Why doesn't a Java constant divided by zero produce compile time error? [duplicate]

时光毁灭记忆、已成空白 提交于 2019-11-26 20:57:19

问题


Possible Duplicate:
Is 1/0 a legal Java expression?

Why does this code compile?

class Compiles {
    public final static int A = 7/0;
    public final static int B = 10*3;

    public static void main(String[] args) {}
}

If I take a look in the compiled class file, I can see that B has been evaluated to 30, and that A still is 7/0.

As far as I understand the JSL an expression where you divide by zero is not a constant.

Ref: JLS 15.28

My above statement is due to this line:

A compile-time constant expression is an expression denoting a value of primitive type

Hence dividing by zero is not evaluated to a primitive value.

What I really dont understand is why the compiler allows this anyway? Just to be clear, my code above crashes runtime with a "java.lang.ExceptionInInitializerError"

As it seems to me the compiler threats any final static variable as a constant and evaluates it compile time. That means that the compiler already has tried to evaluate A, but since it was a division by zero it just let it go through. No compile time error.

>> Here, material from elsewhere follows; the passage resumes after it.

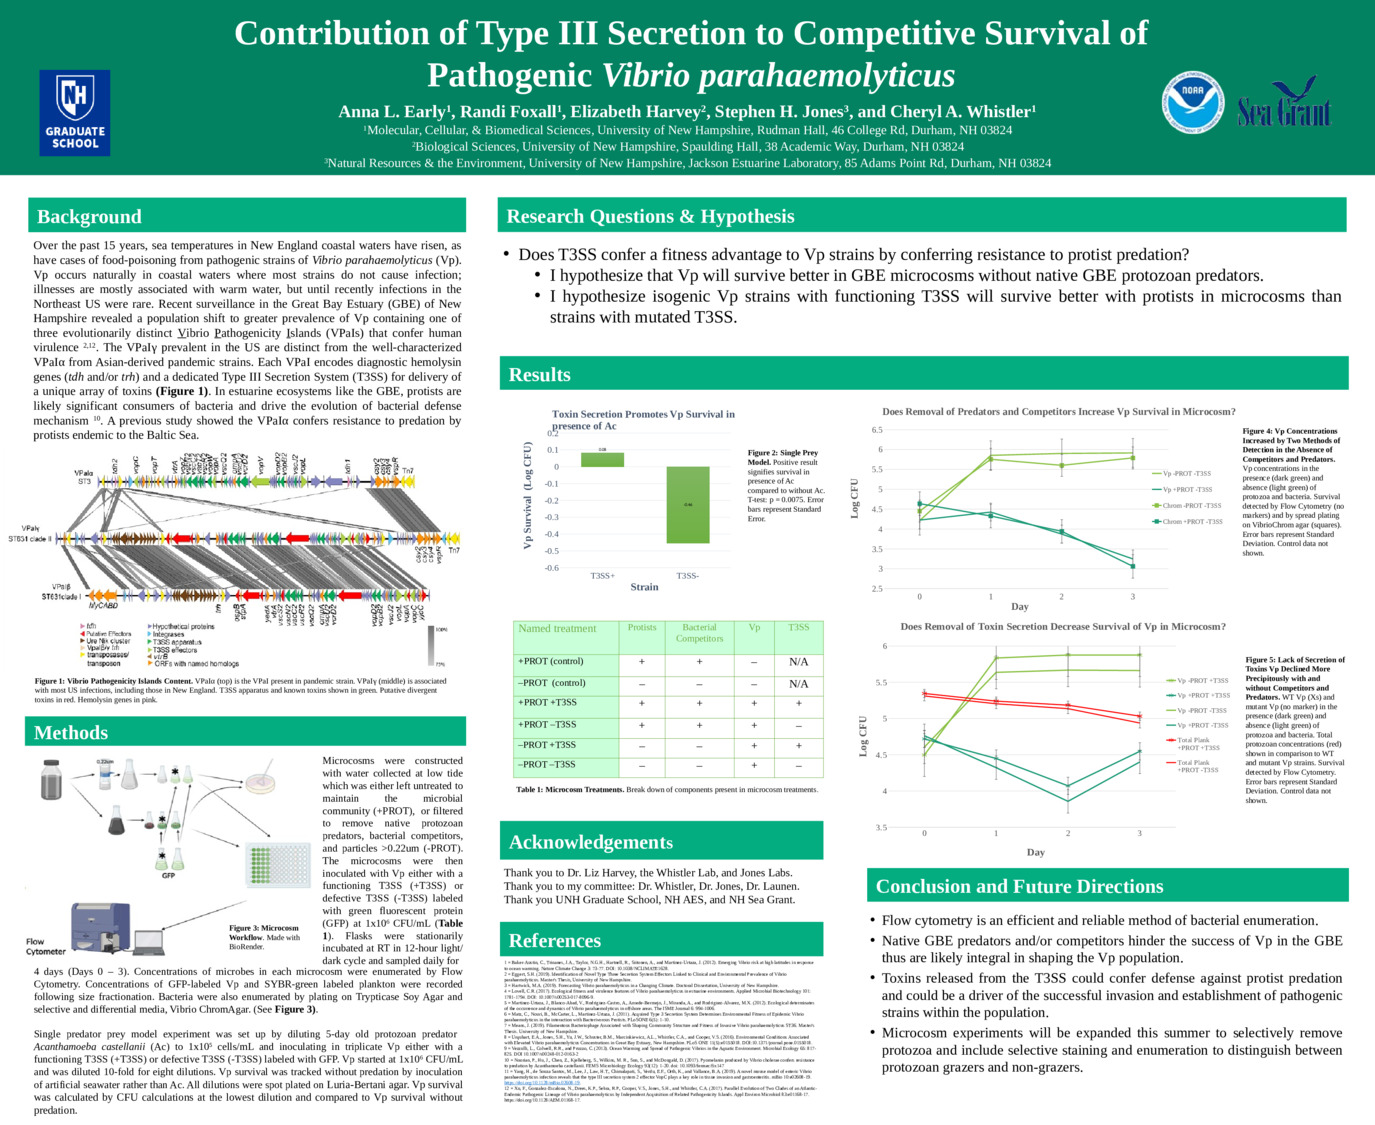 Contribution Of Type Iii Secretion To Competitive Survival Of Pathogenic Vibrio Parahaemolyticus by ae1092
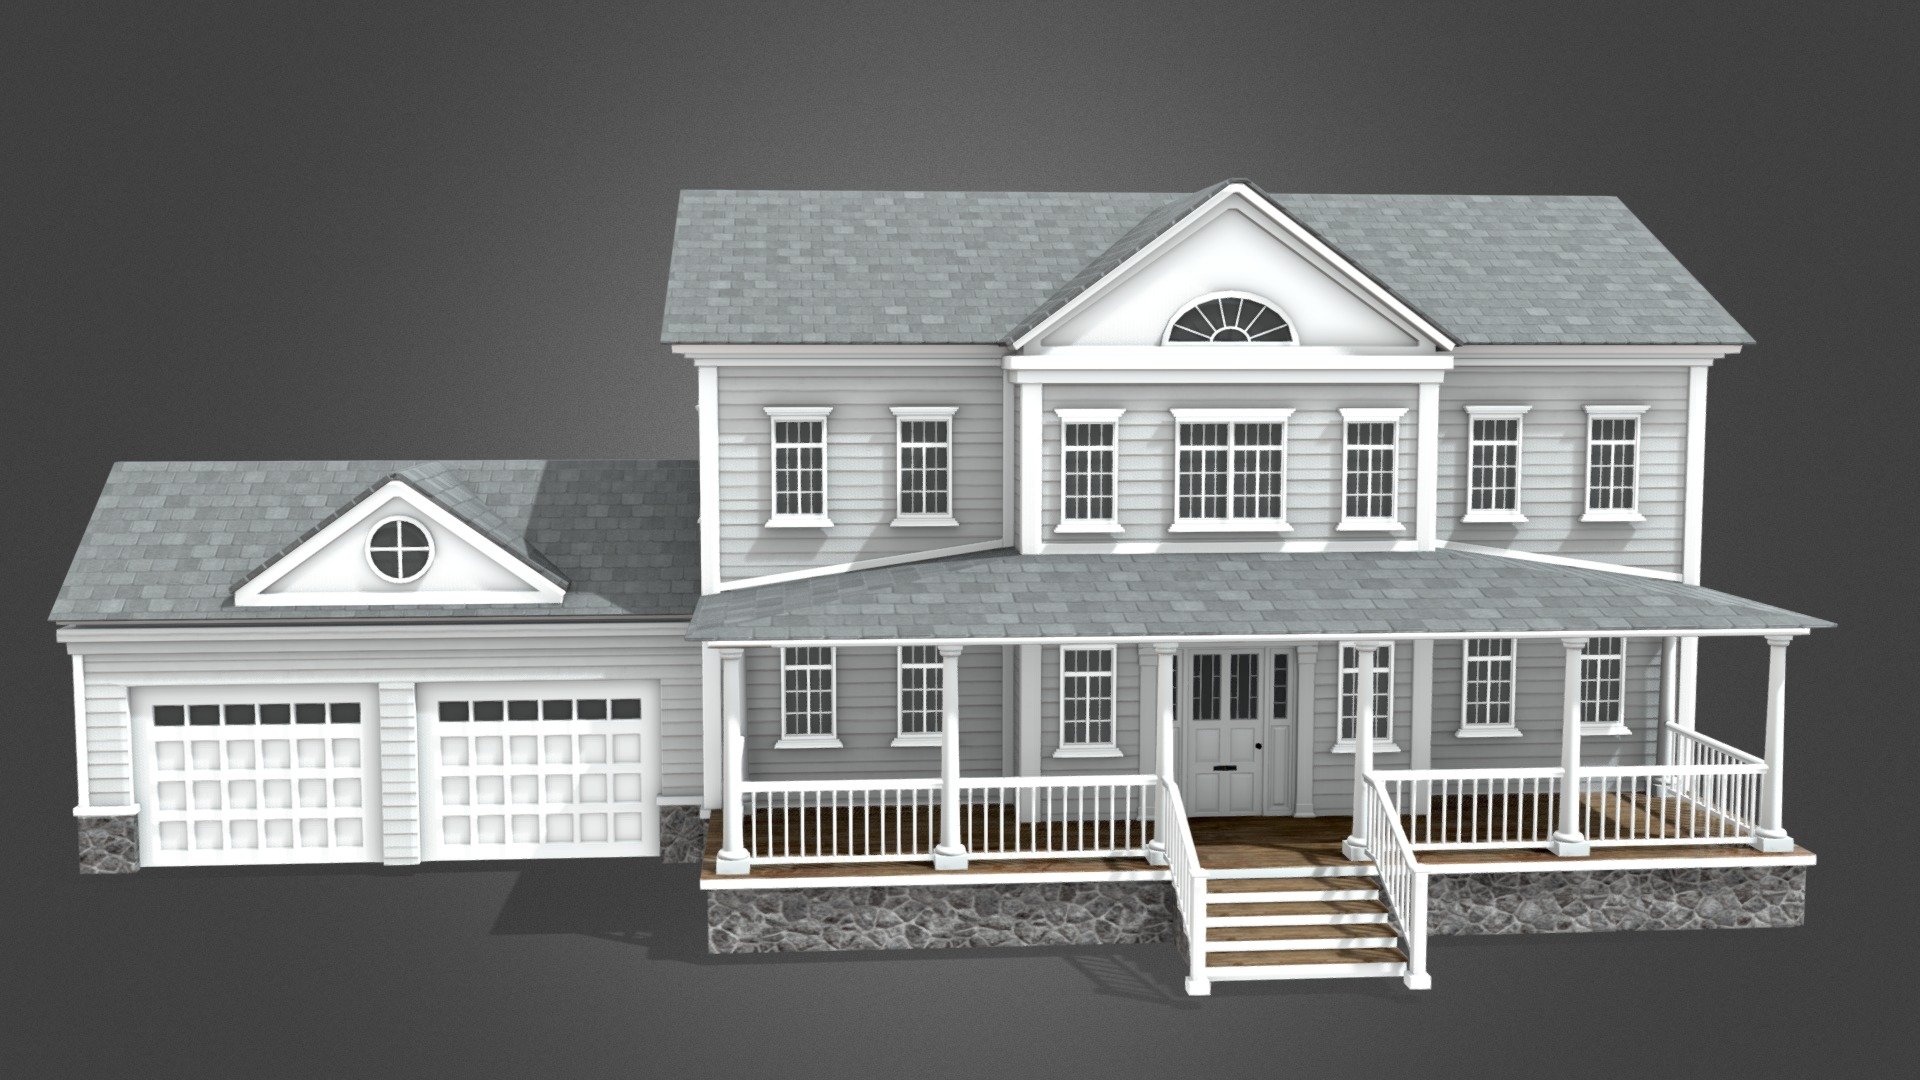 Colonial style home, can be used in games or for architecture visualization.  I tried keeping the poly count low 3d model

But this seems very very bizarre... The compiler knows it is a divide by zero and that it will crash runtime but nevertheless it doesn't flag a compile error!

Can anyone explain to me why?


回答1:


To throw an java.lang.ExceptionInInitializerError is the only correct behavior.

If your code did not compile, a perfectly valid Java program would have been rejected, and that would have been a bug.

The only correct alternative to putting 7/0 in the compiled code, would actually be to explicitly throw a ExceptionInInitializerError, but how much more useful is that?

The compiler knows it is a divide by zero and that it will crash runtime but nevertheless it does flag a compile error!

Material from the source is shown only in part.